Task directions
Your answer must be the data repeated exactly, with no pictures in it.

Data shown
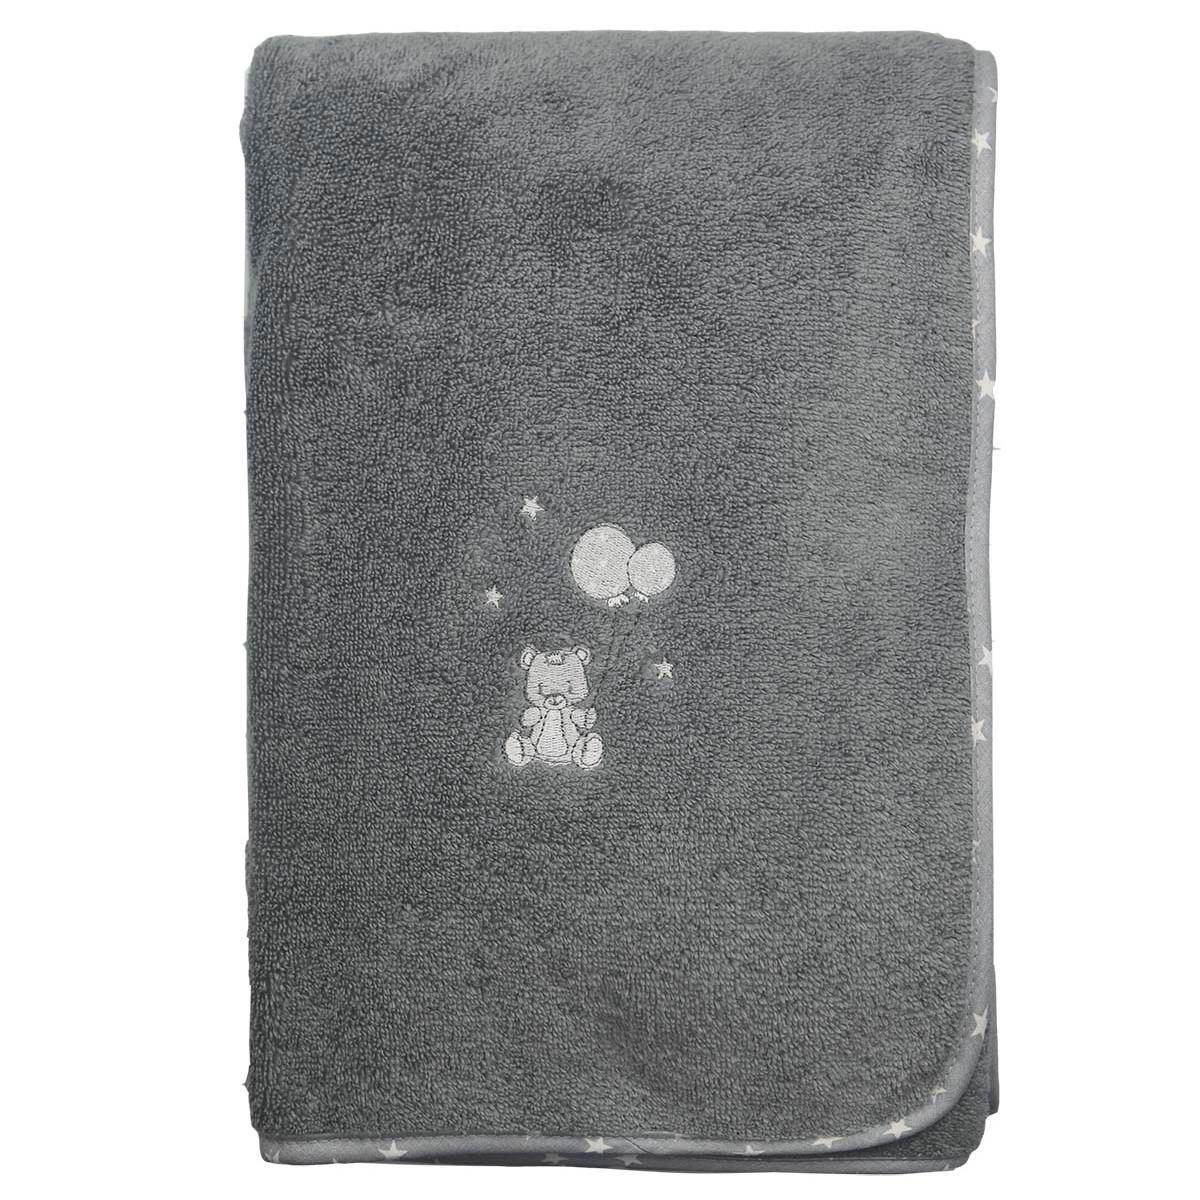 Drap de bain en coton peigné  Galet 70x130 cm
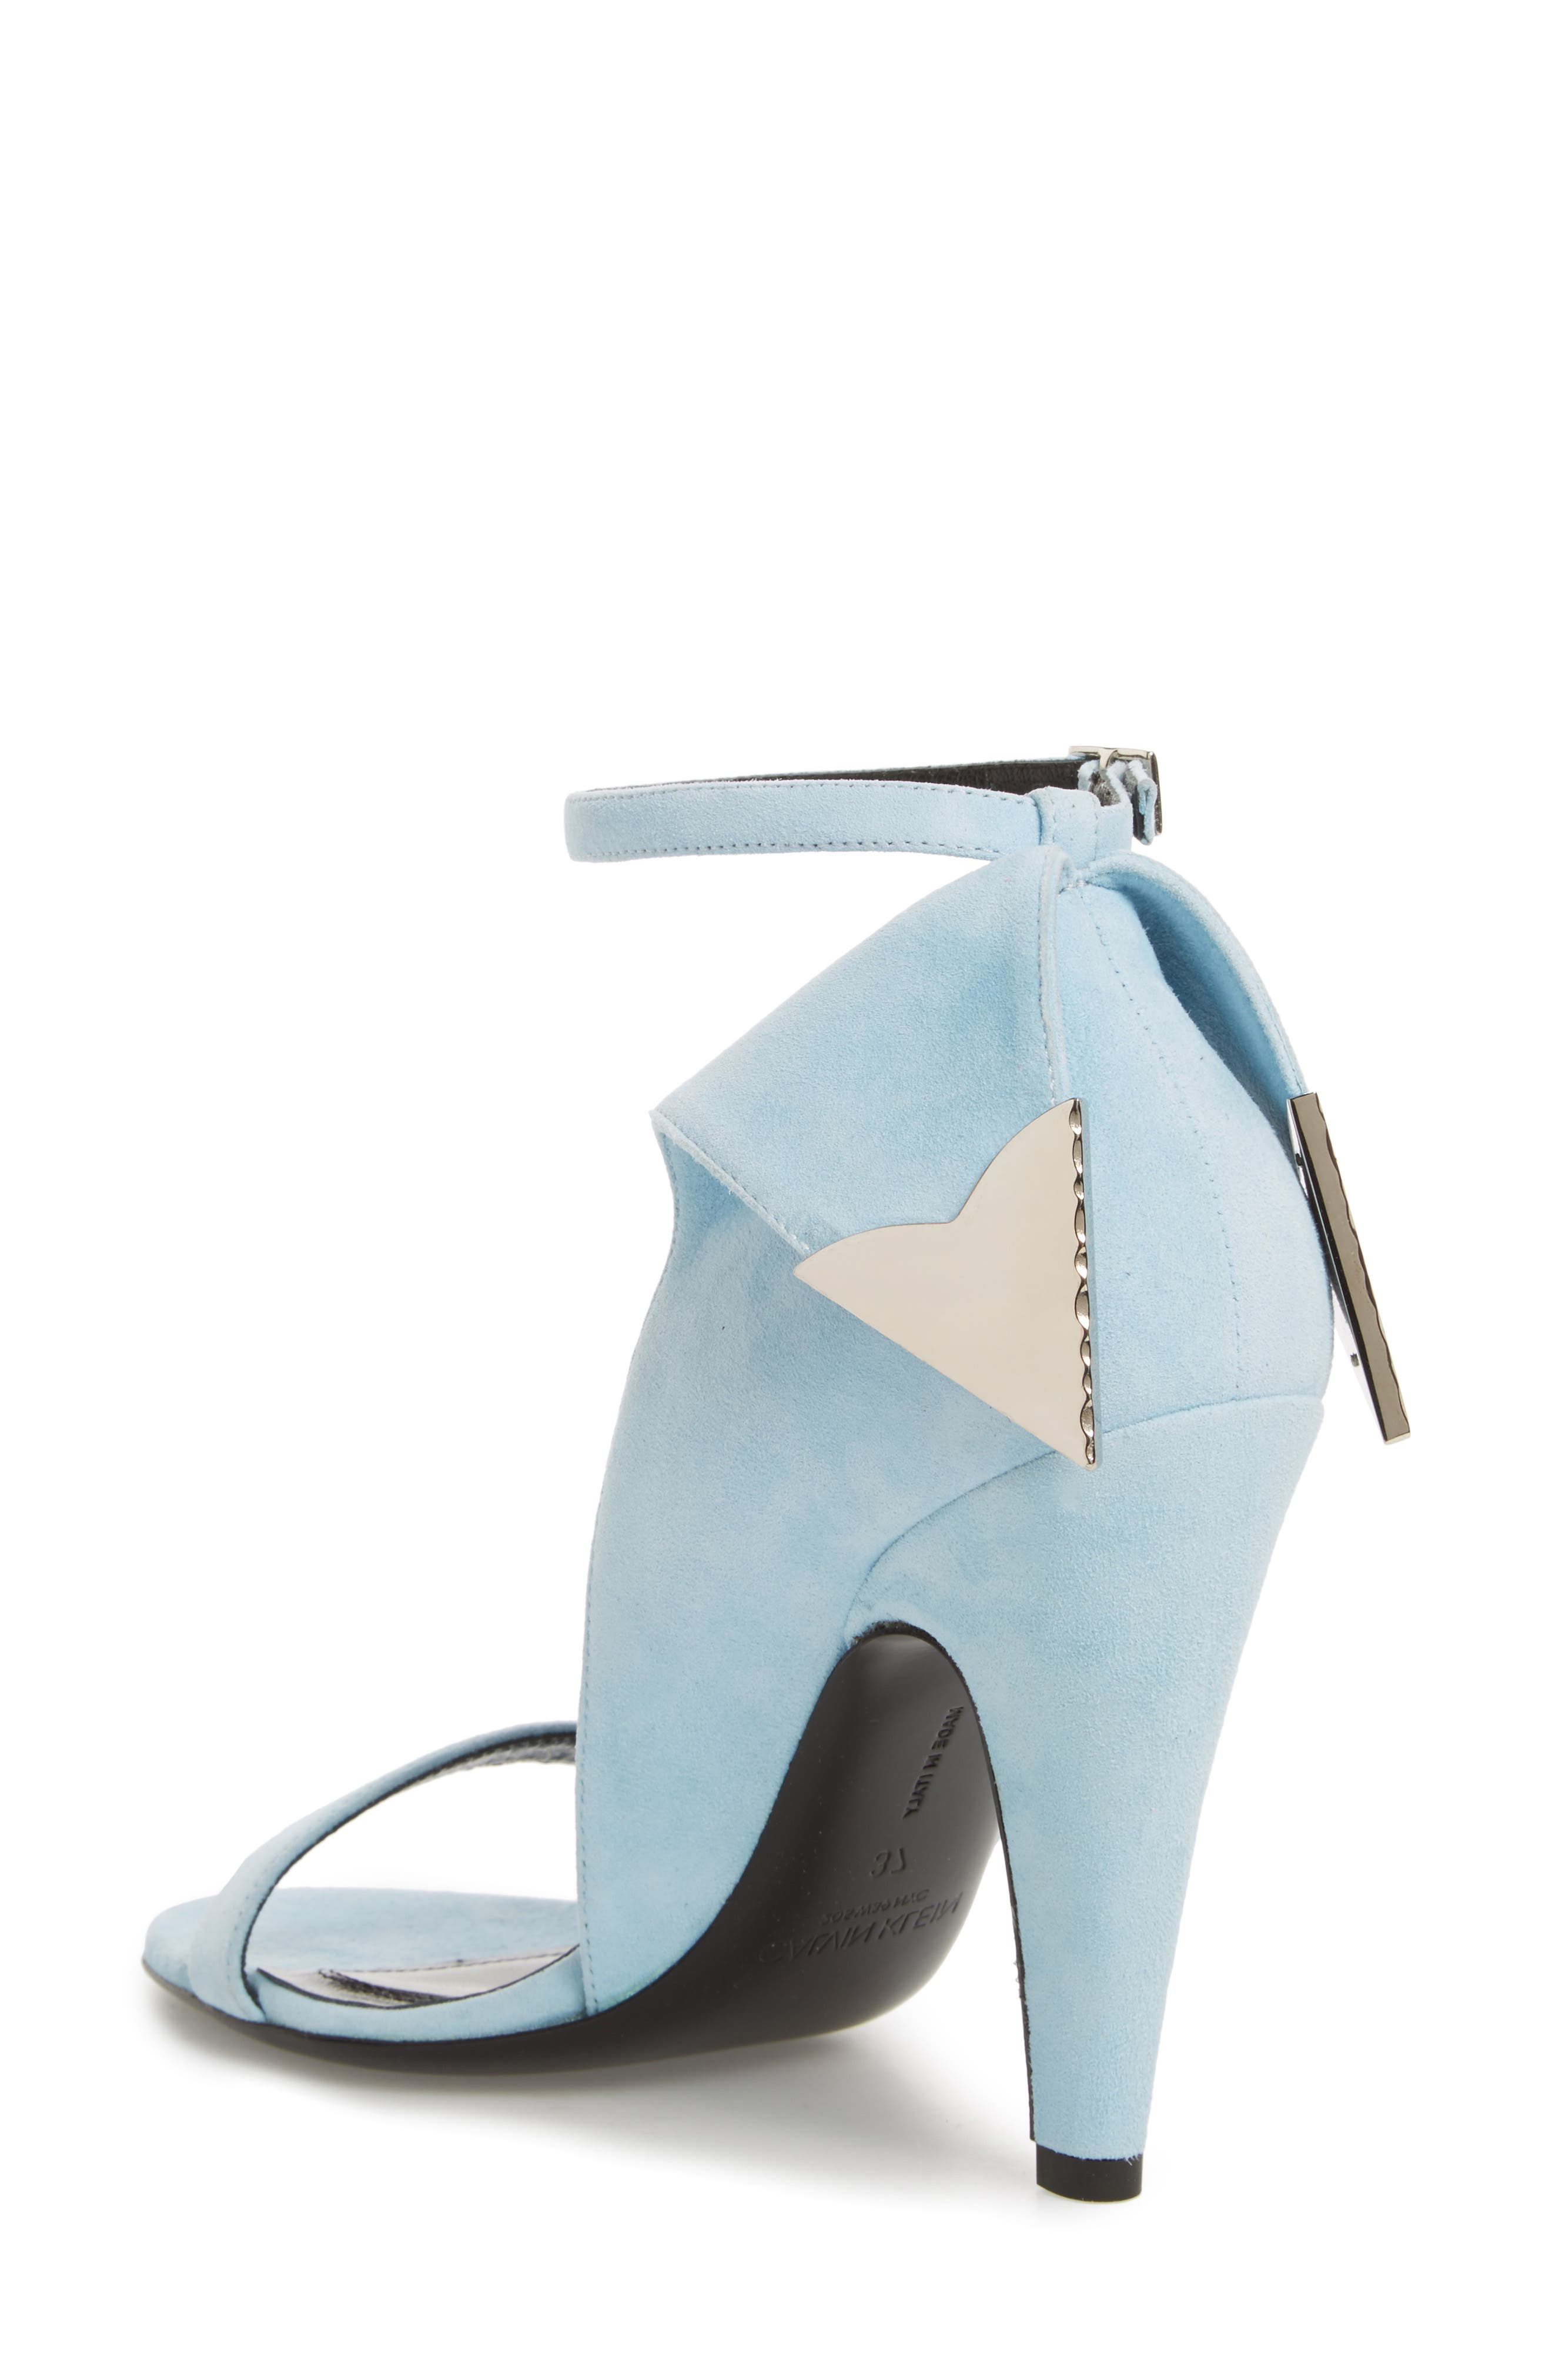 Leititia Ankle Strap Sandal,                             Alternate thumbnail 2, color,                             400
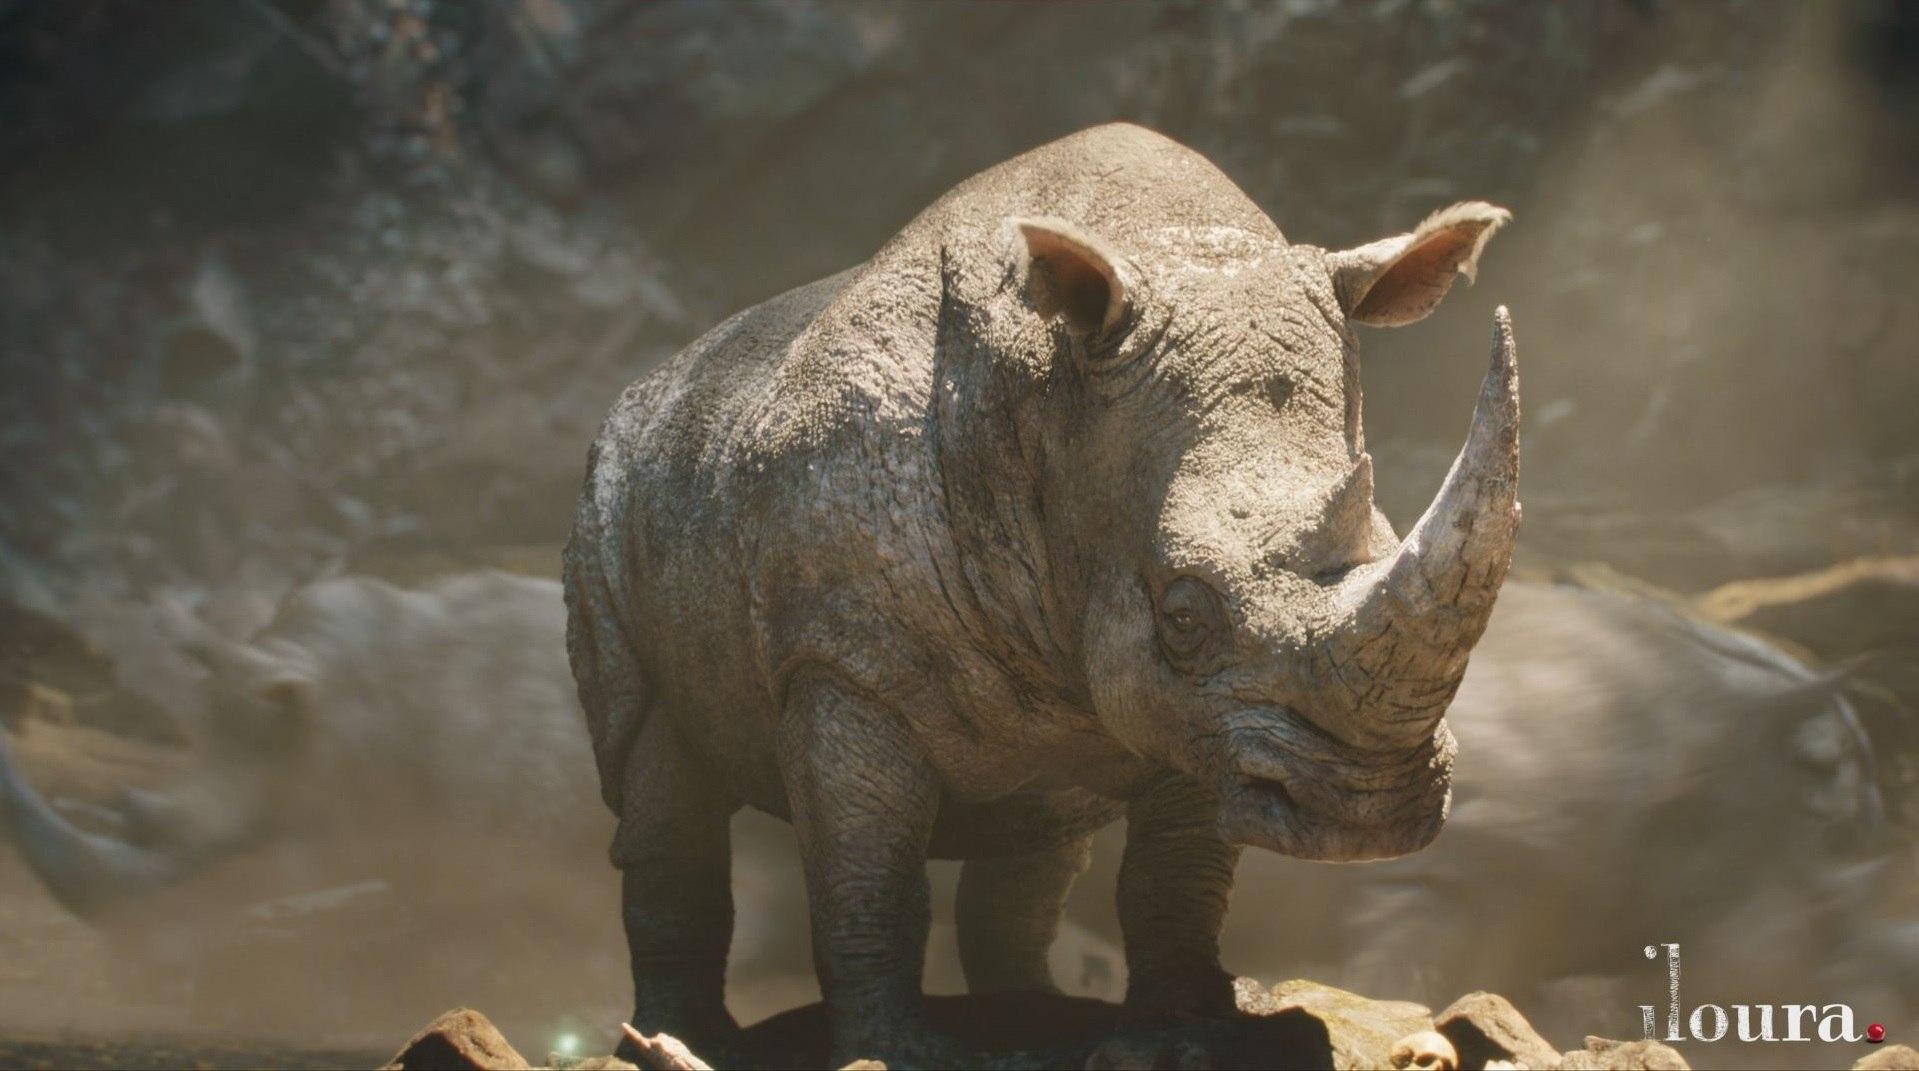 Iloura Creates Ravaging Rhinos For Jumanji Welcome To

Solved exercise
 Drap de bain en coton peigné  Galet 70x130 cm
 Leititia Ankle Strap Sandal,                             Alternate thumbnail 2, color,                             400
 Iloura Creates Ravaging Rhinos For Jumanji Welcome To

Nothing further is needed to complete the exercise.